Chapter 41
Lucy
That night, the rough edge of Jay’s spare bed pressed into my back, but it was the first thing I’d had to stretch out on since the Fangs had taken me, and it was warm.
Jay had given me some of his clothes and I’d chosen a well-worn black Dead Knight’s T-shirt of his to snuggle up in.
The room was dim, lit only by the small lamp on the worn desk and voices carried up from the clubhouse’ main areas.
I stared at the chipped ceiling, thinking about everything.
Caleb, the club, the war that had taken so much.
Then there was Jay. Funny how in the chaos, my thoughts kept drifting to him, the man I’d hated for so long, the man I’d come to lean on, the man I was starting to care about more than I wanted to admit.
I clenched my jaw and rolled my eyes. There was no time for those kinds of thoughts, not when everything could change in an instant.
But, for a moment, lying there alone, I allowed myself to think about what happened next with Jay, the Reaper who came for me when I was at my lowest, when I had nobody else, who risked everything to pull me out of the darkness.
The memory of his hands, his words, the heat of his body pressed against mine flashed in my head, reminders that he didn’t only save me from the world outside but from the loneliness inside too.
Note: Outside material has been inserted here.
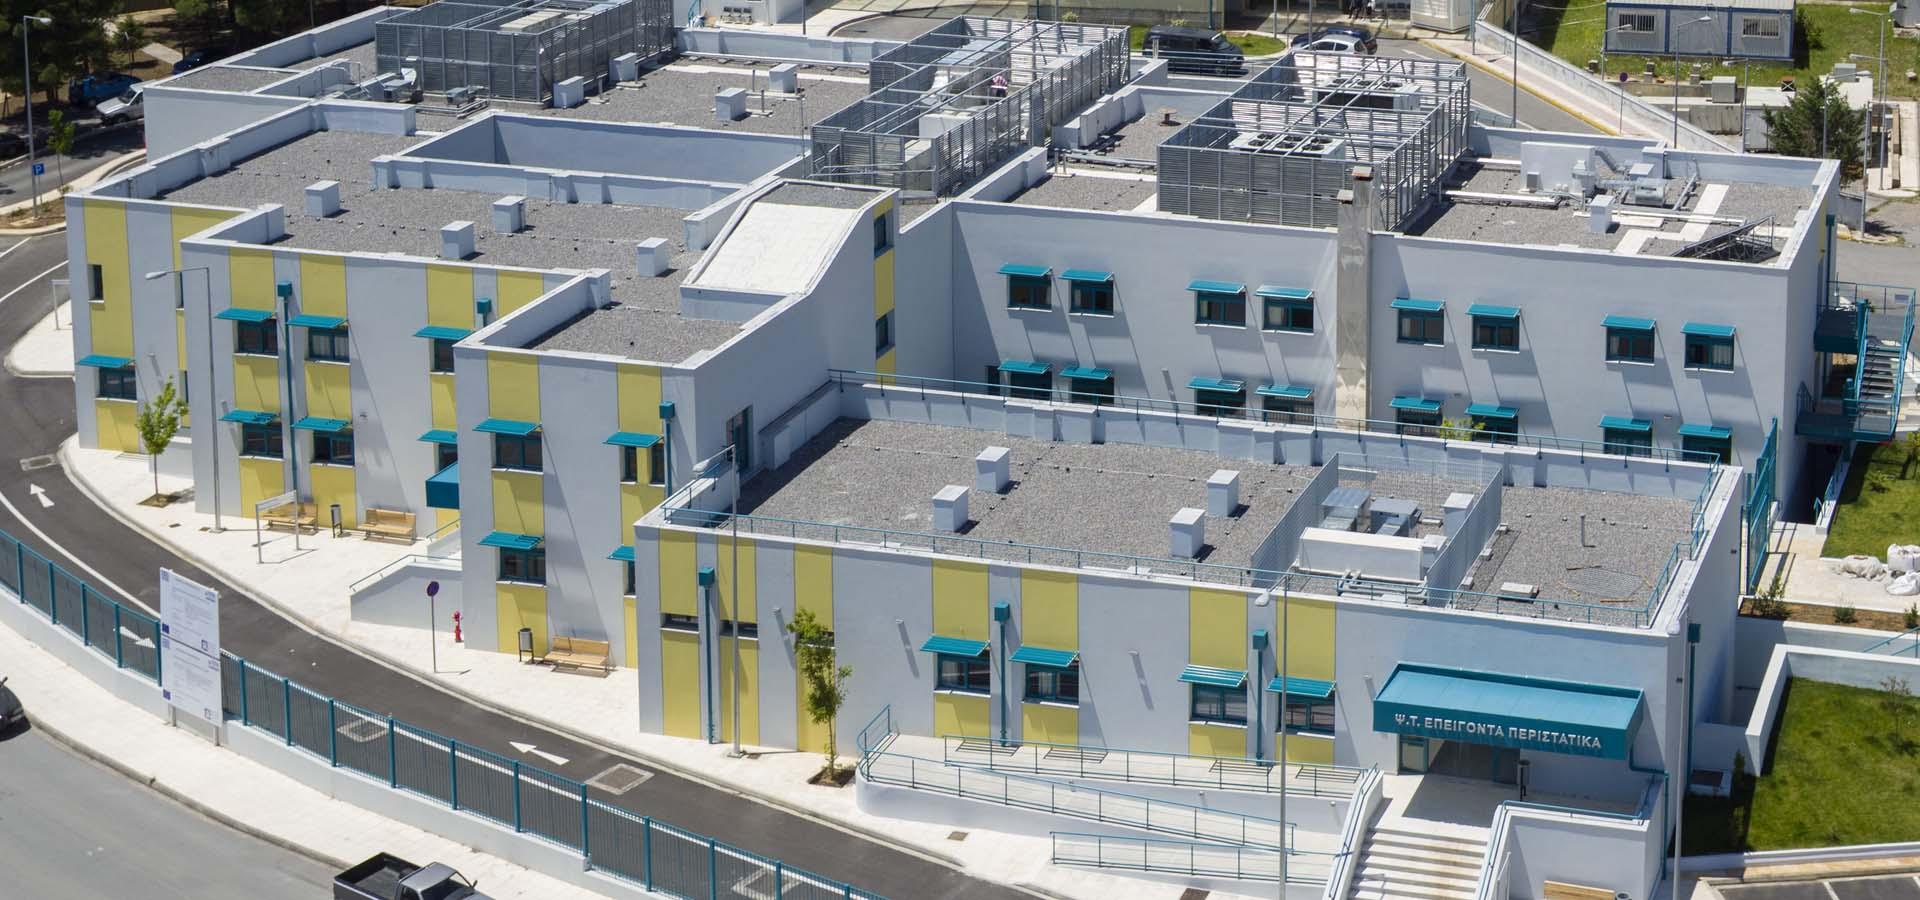 Νέα Ψυχιατρική Πτέρυγα στο Γενικό Νοσοκομείο Τρίπολης «Η ΕΥΑΓΓΕΛΙΣΤΡΙΑ»

At first, I’d hated him. Hated that he was a part of the life that took Caleb away. Hated that he’d treated me like I was grief in a hoodie, fragile and broken. Hated how he broke my heart years ago, but no other man had ever measured up to him, even when I hadn’t had a taste of him.
After the kiss on the porch the night of the fire, and then he saved me, I saw him for what he really was—steady, relentless, and fiercely loyal. A man who never backed down, even when everything inside him screamed to run, even when he could lose everything he had.
There was something raw and natural about the way he moved through danger like it was second nature, like he had been ready for that moment his whole life. But when it came to me, I saw the cracks, the fear he tried to hide behind his fierce, hard edge.
I swallowed, heart twisting. I was falling for him... again.
I hated how much I needed him, how much I wanted him to see me, not as the girl dragged into the mess but as someone worth fighting for. Tomorrow, I would ride with them into Fangs territory and help to take down the bastards who thought they could break me.
I closed my eyes and let the quiet pull me under, holding onto the hope that maybe, after all the chaos, there was still something good waiting for us. Something more than war and loss.